**Work to be completed:** Leave the pictures out. Return the rest of the listing below exactly.

**Information provided:**
==================================================

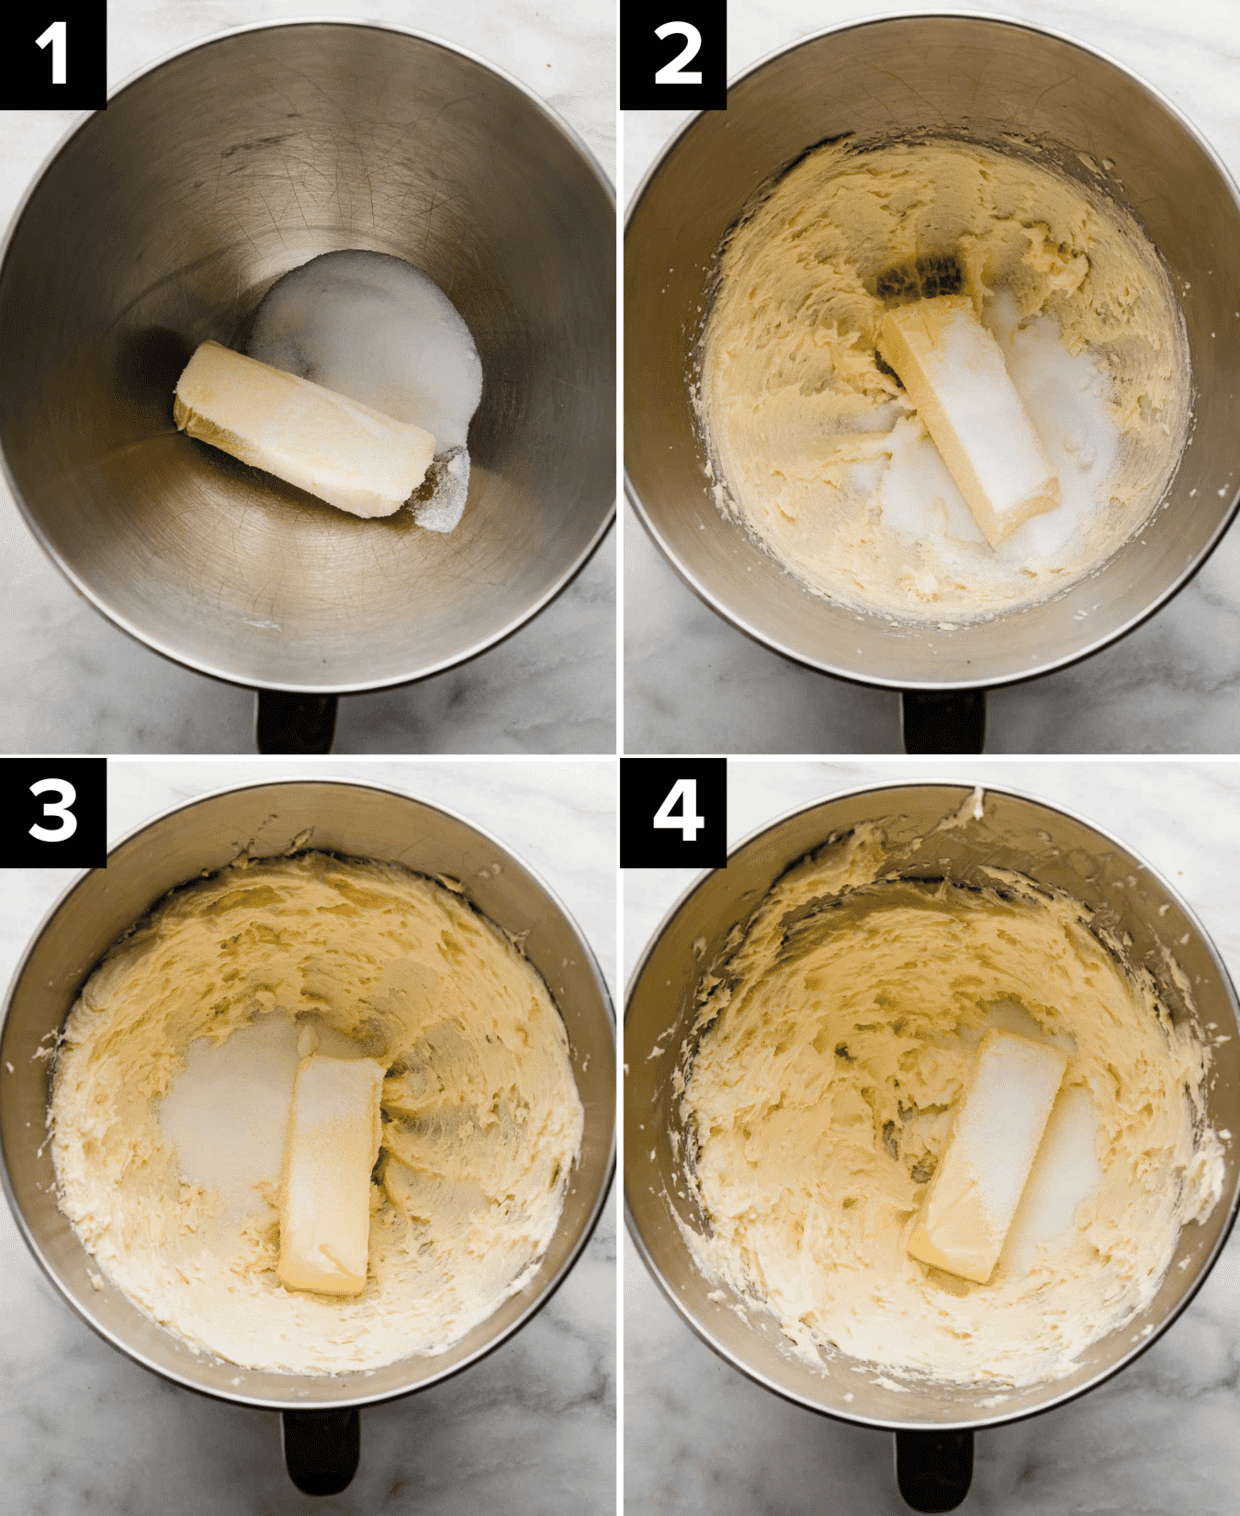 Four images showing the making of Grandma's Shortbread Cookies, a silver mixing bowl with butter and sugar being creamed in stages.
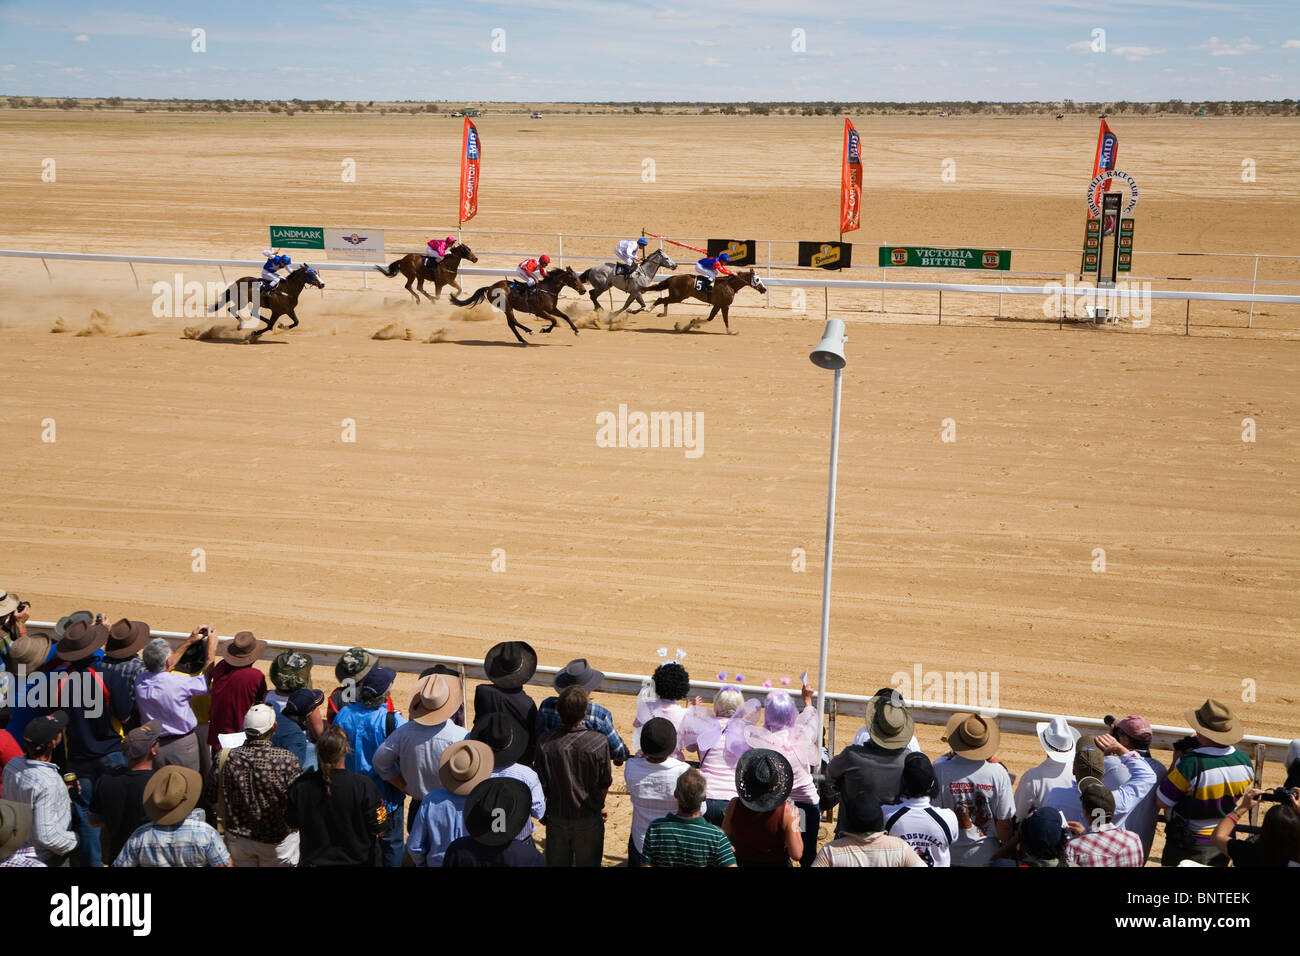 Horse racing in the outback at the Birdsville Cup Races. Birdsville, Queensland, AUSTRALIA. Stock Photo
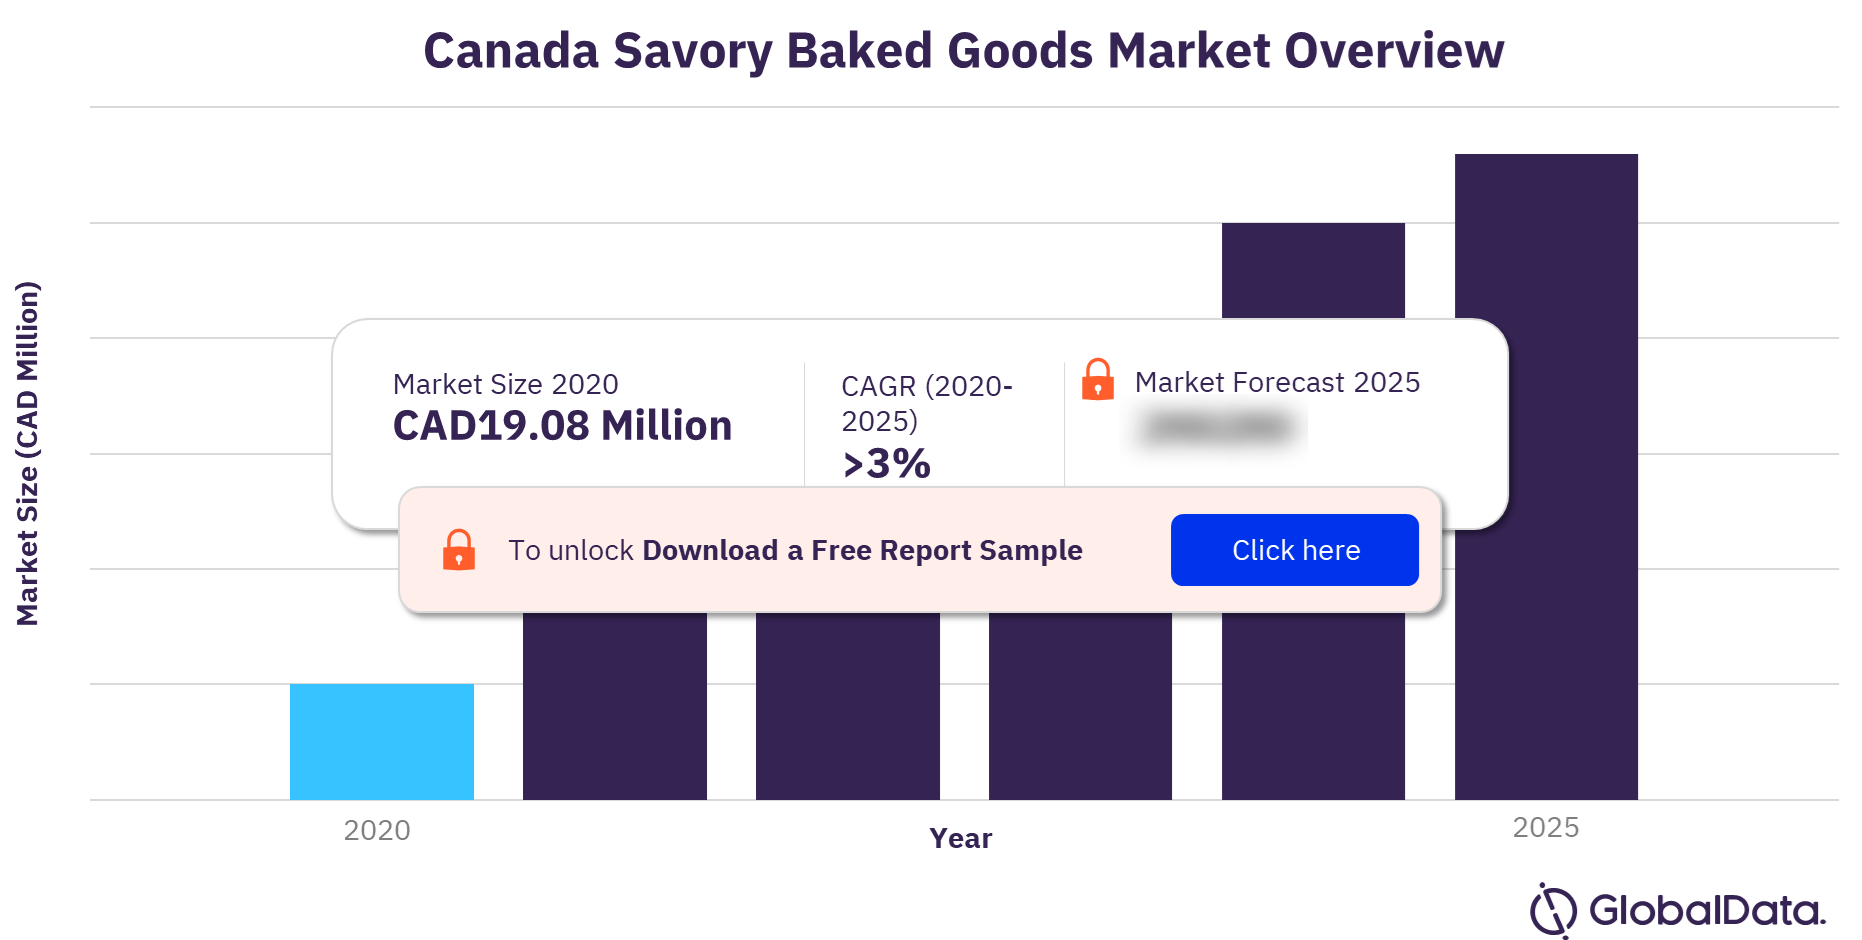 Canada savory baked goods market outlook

==================================================

**Task result:**
 Four images showing the making of Grandma's Shortbread Cookies, a silver mixing bowl with butter and sugar being creamed in stages.
 Horse racing in the outback at the Birdsville Cup Races. Birdsville, Queensland, AUSTRALIA. Stock Photo
 Canada savory baked goods market outlook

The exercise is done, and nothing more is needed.